- President: Henry Pollock
- Vice-President: P. H. Holyoak
- Founded: 3 May 1917
- Dissolved: October 1923

= Constitutional Reform Association of Hong Kong =

The Constitutional Reform Association of Hong Kong was a political group formed by expatriate British community striving for constitutional reform in Hong Kong in the late 1910s.

==History==
It was first launched in a well-attended meeting at the Theatre Royal on 3 May 1917 by the Hong Kong General Chamber of Commerce. It submitted a proposal of introducing unofficial majority in the Legislative Council of Hong Kong to the House of Commons of the United Kingdom through member of parliament Colonel John Ward but was rejected by the Colonial Office in 1920.

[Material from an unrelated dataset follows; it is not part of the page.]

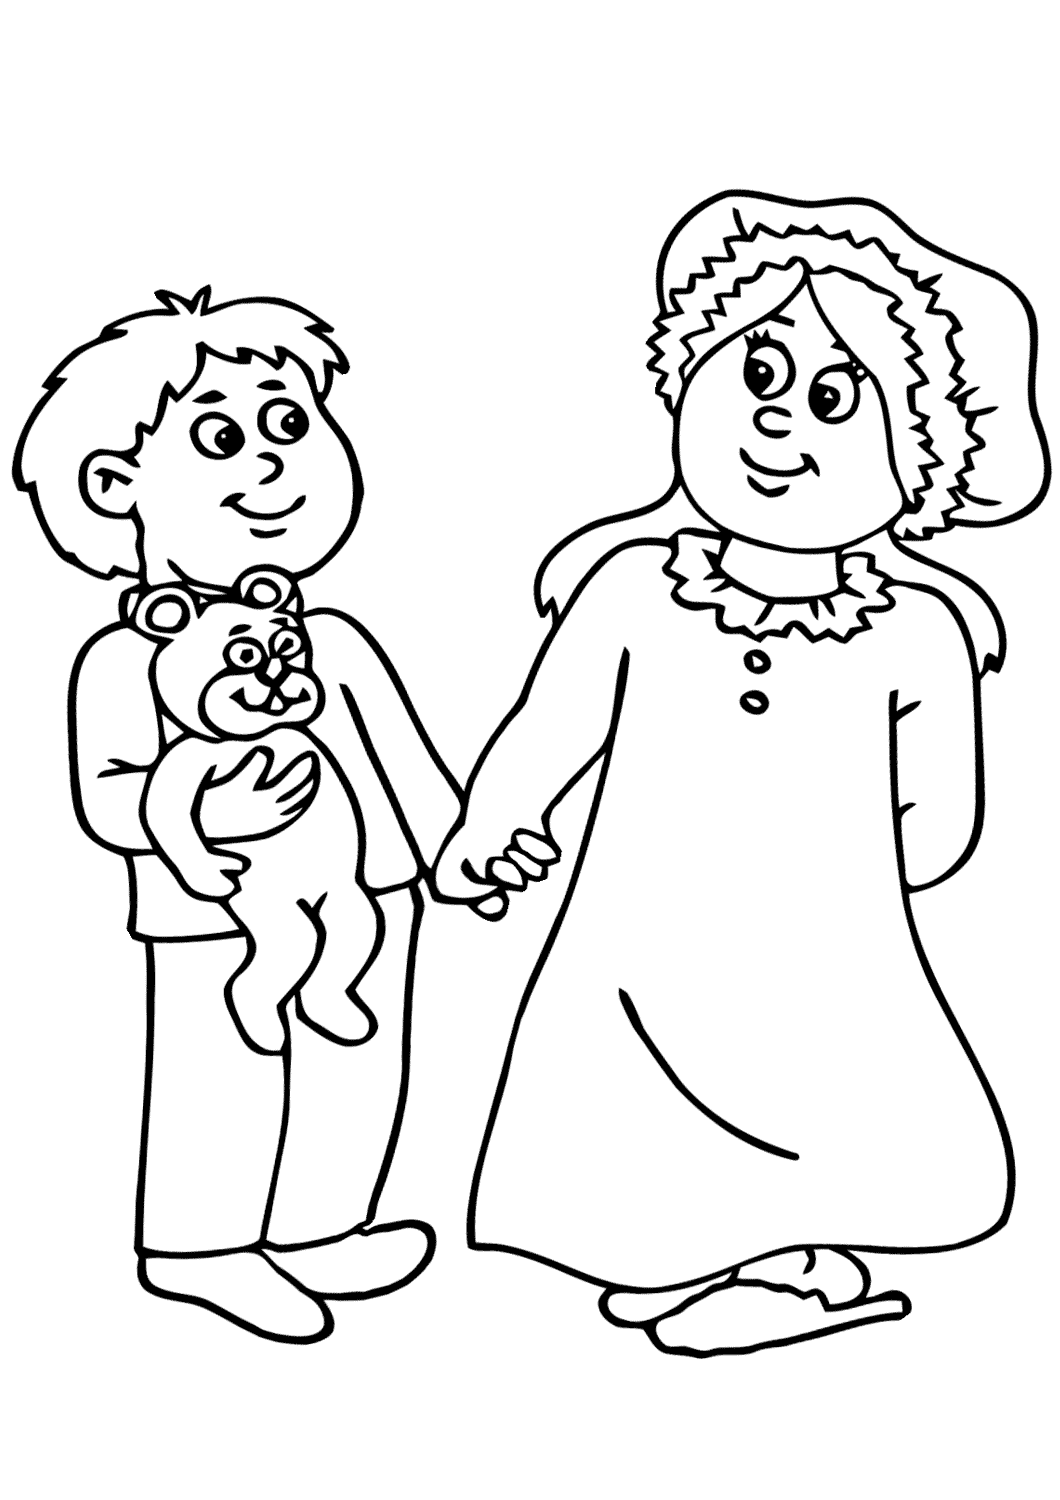 showing kindness coloring pages
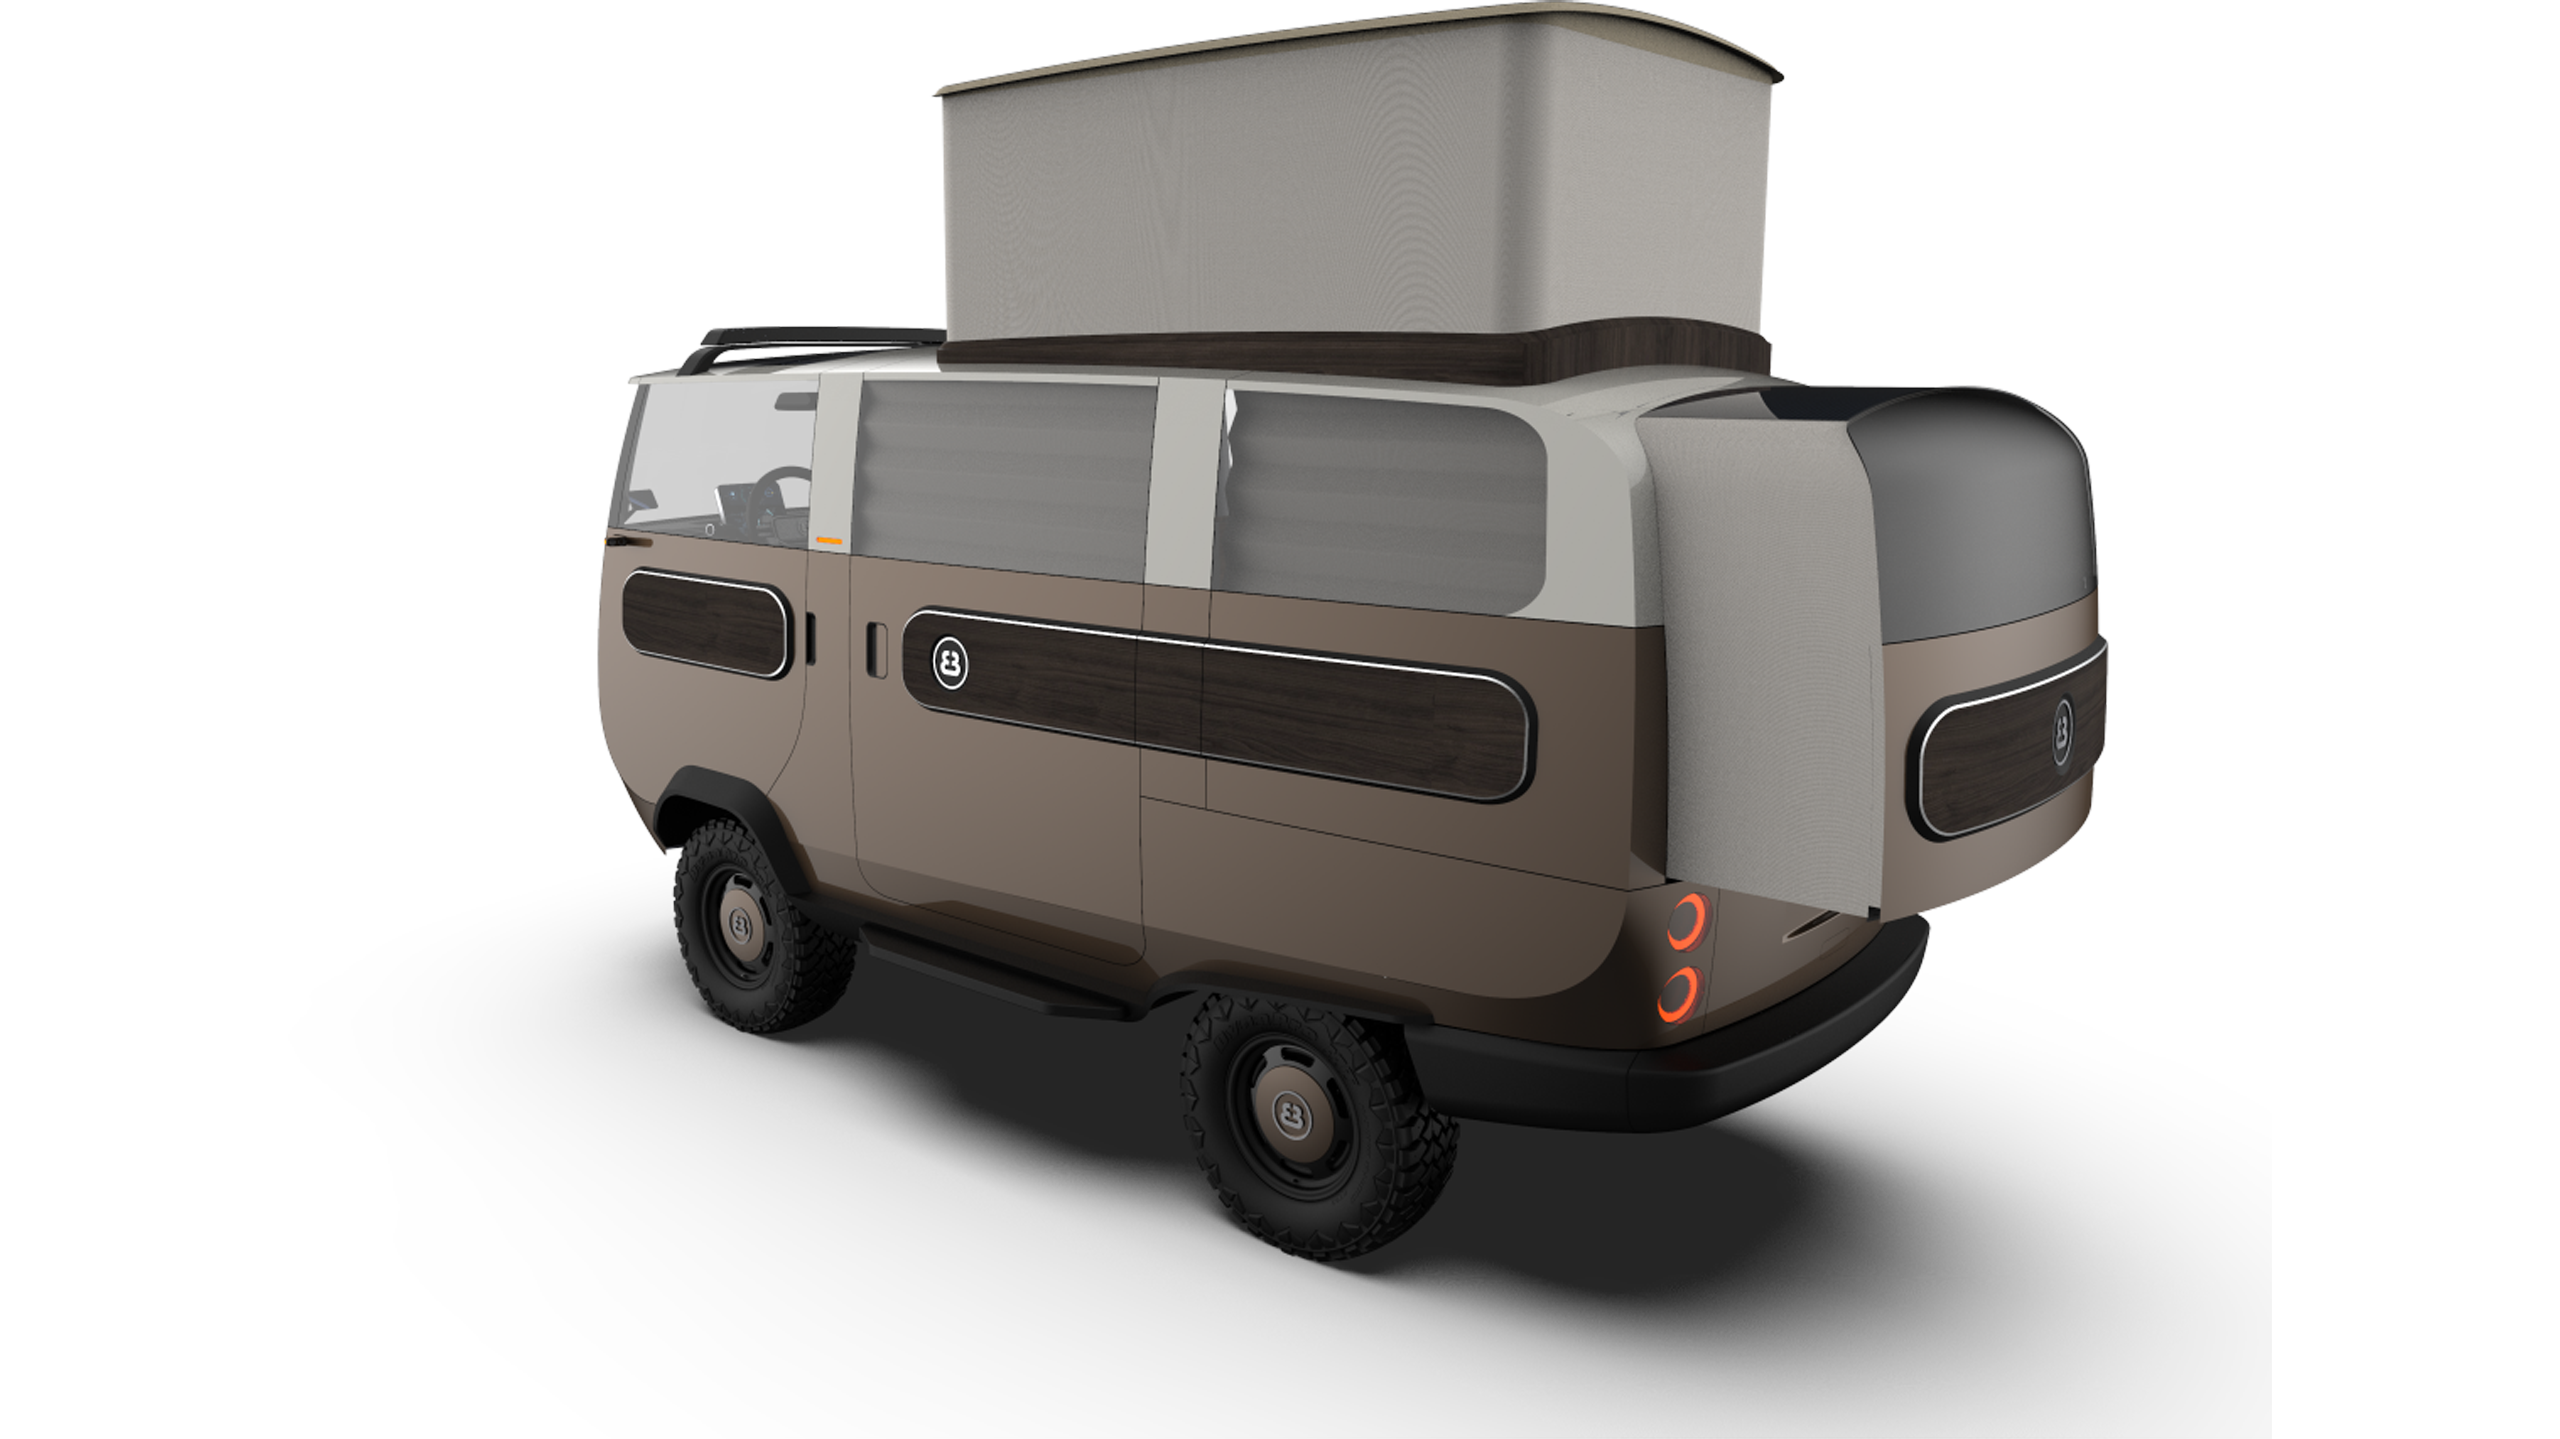 Here's a new 32,000 electric camper and we are highly skeptical Electrek

On 9 January 1919, a resolution was passed at its public meeting for an unofficial majority in the Legislative Council, and for seven members elected, one each by the Hong Kong General Chamber of Commerce, the Justices of Peace, the Chinese Chamber of Commerce and four (one Portuguese and three British) by British subjects on the jurors list.

Governor Reginald Stubbs commented the Association in 1920 as a "farcical body", when the Association consisted of a few dozen persons, most of whom took no part in the proceedings and appeared to be moribund. By October 1923, the Constitutional Reform Association ceased to exist. An article in South China Morning Post said "[t]he strike and boycott of 1925 finally killed (temporarily at least) the Constitutional Reform movement. Its champions were sobered by visions of the dangers attaching to any relaxation of Official control."

In 1929, the new Governor Cecil Clementi agreed to add four new seats to the Legislative Council, two each for official and unofficial member, which was seen as a liberal move by the press.